== Provided entries ==
####

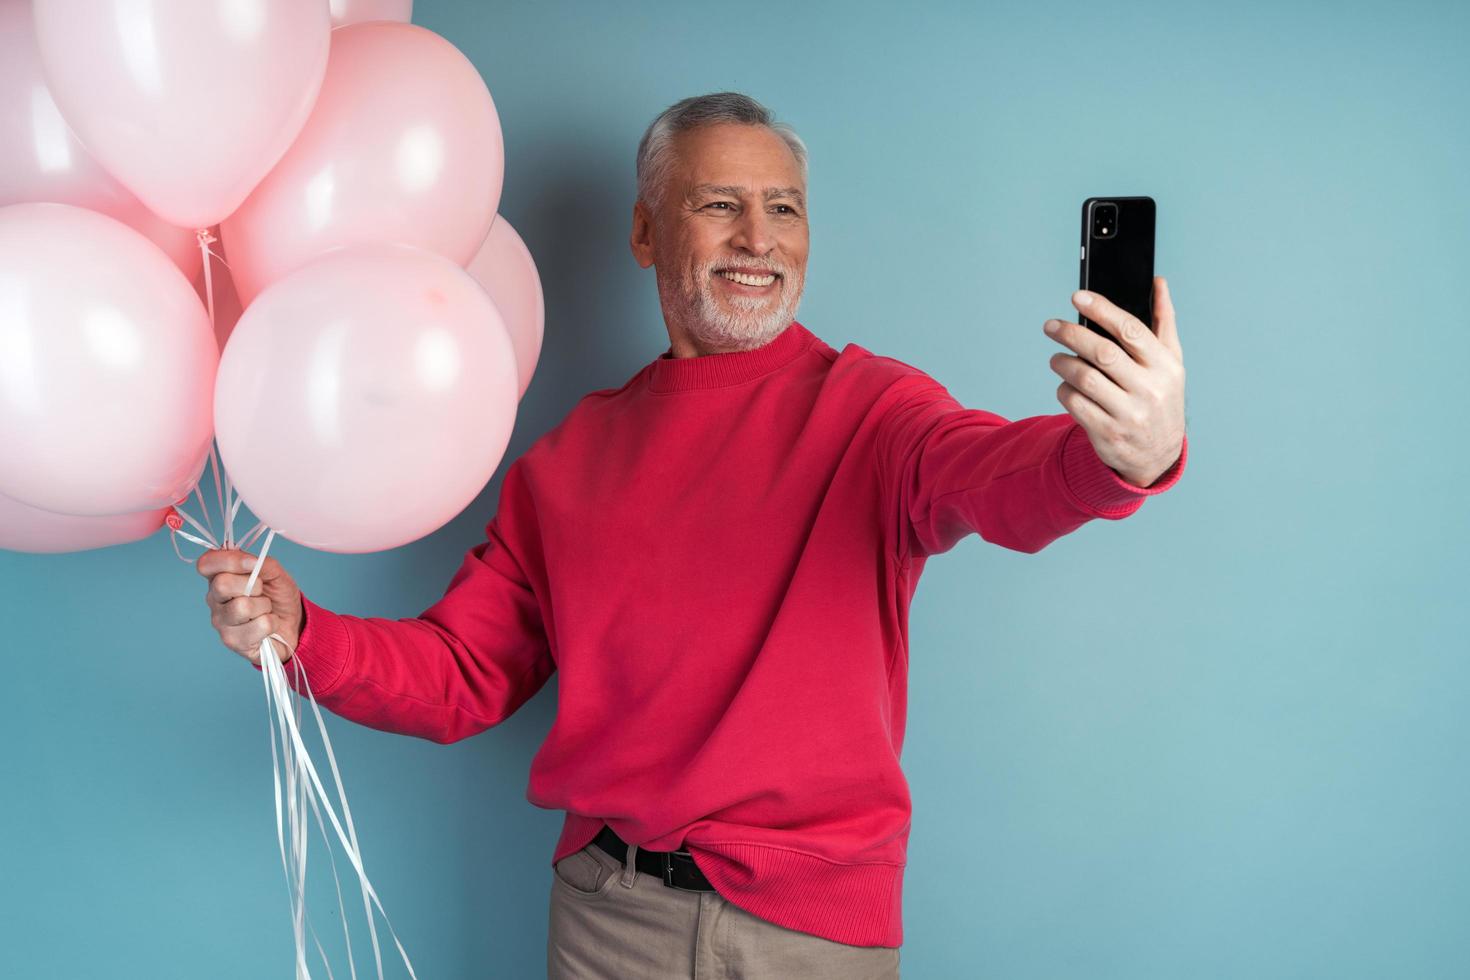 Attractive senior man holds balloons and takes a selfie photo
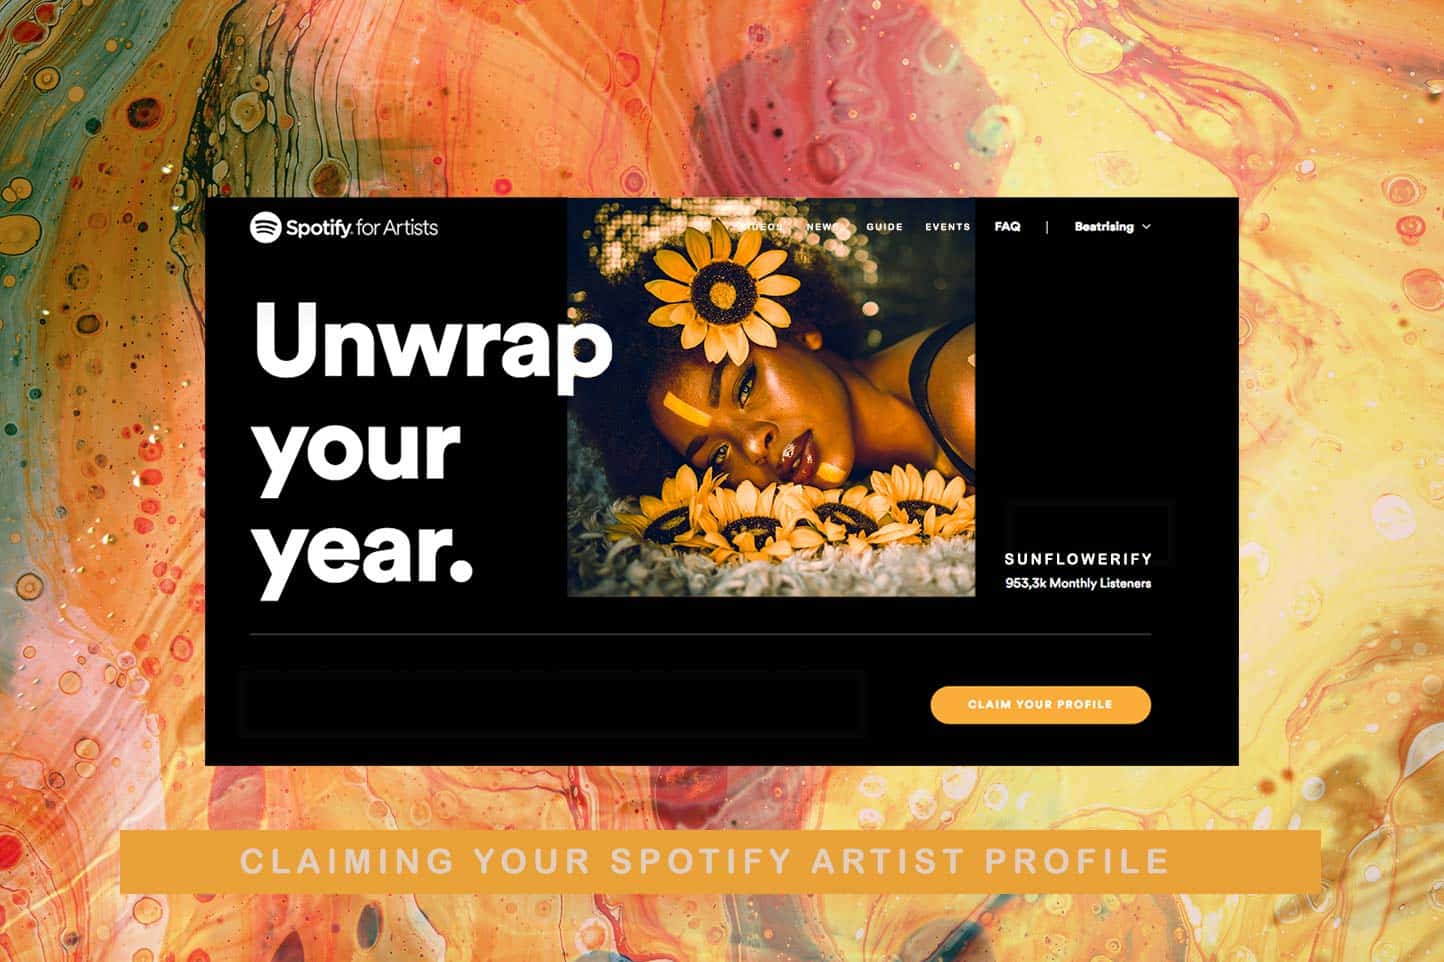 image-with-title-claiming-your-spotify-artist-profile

####

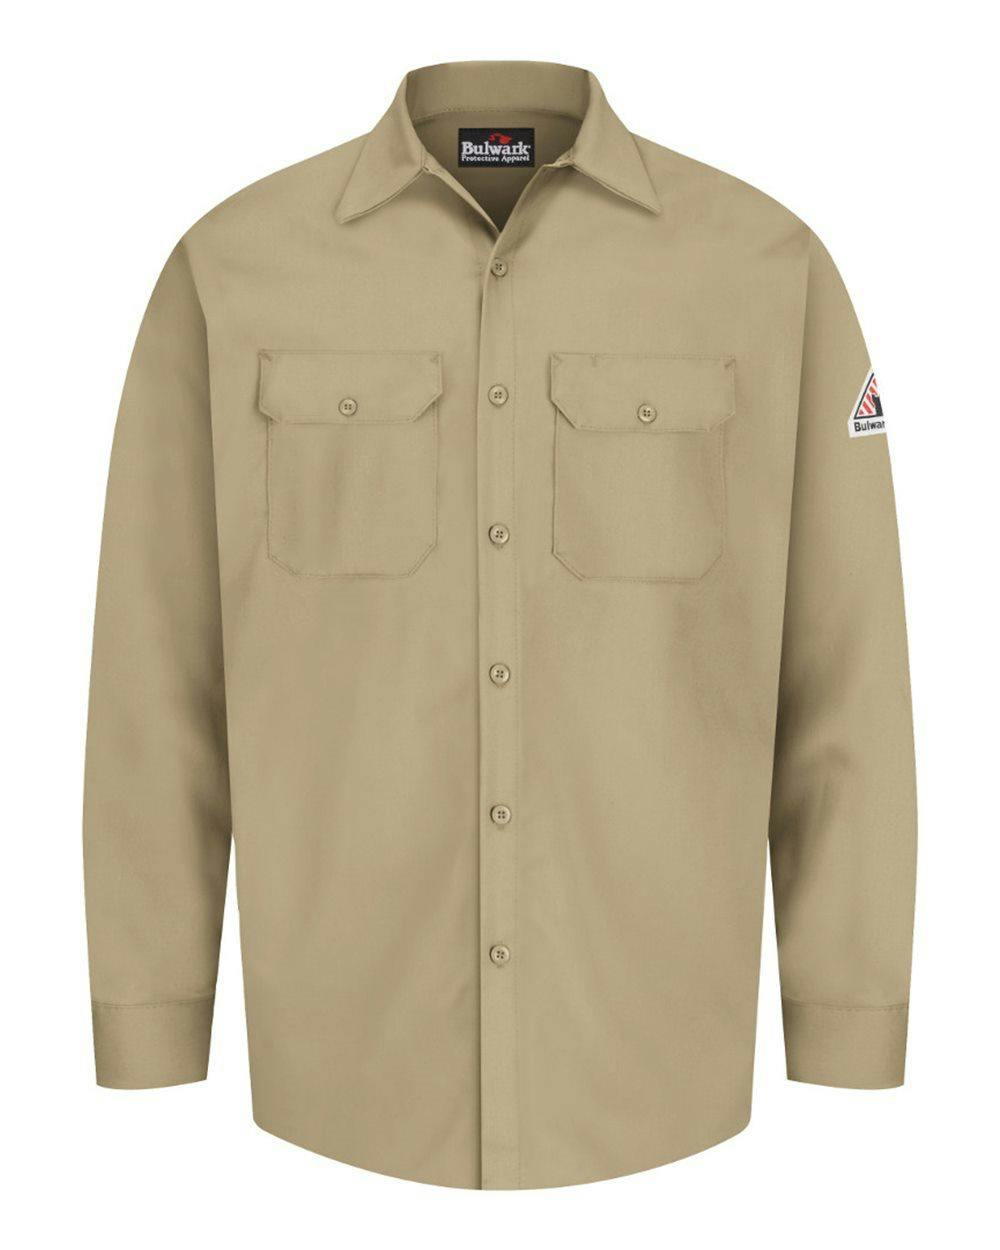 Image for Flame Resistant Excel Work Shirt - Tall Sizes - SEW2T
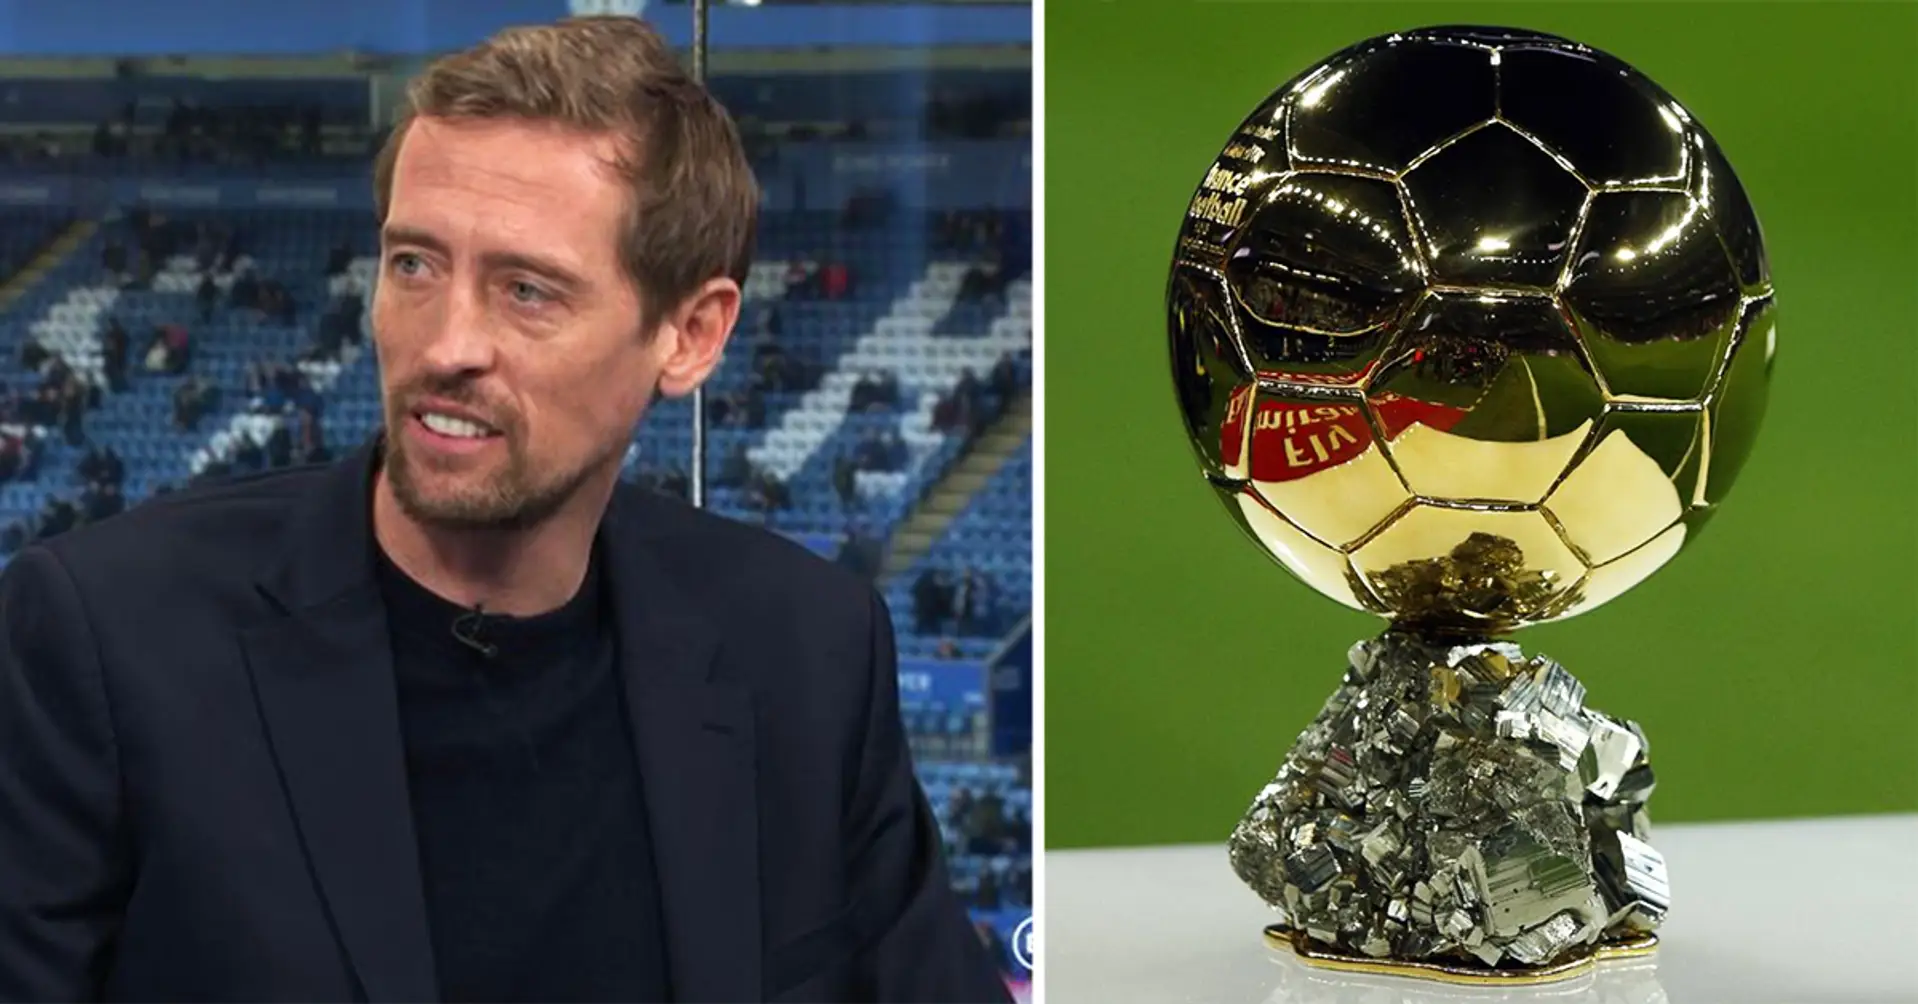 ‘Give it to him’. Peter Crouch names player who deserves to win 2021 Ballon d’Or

####

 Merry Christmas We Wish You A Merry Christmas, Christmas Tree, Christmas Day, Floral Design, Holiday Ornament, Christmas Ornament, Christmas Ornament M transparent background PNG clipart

####

== What the task asks ==
Print from the line containing "Attractive senior man" through the line containing "image-with-title-claiming-your-spotify-artist-profile" in the data above, exactly as the lines stand, and omit every picture.

== Exercise output ==
 Attractive senior man holds balloons and takes a selfie photo
 image-with-title-claiming-your-spotify-artist-profile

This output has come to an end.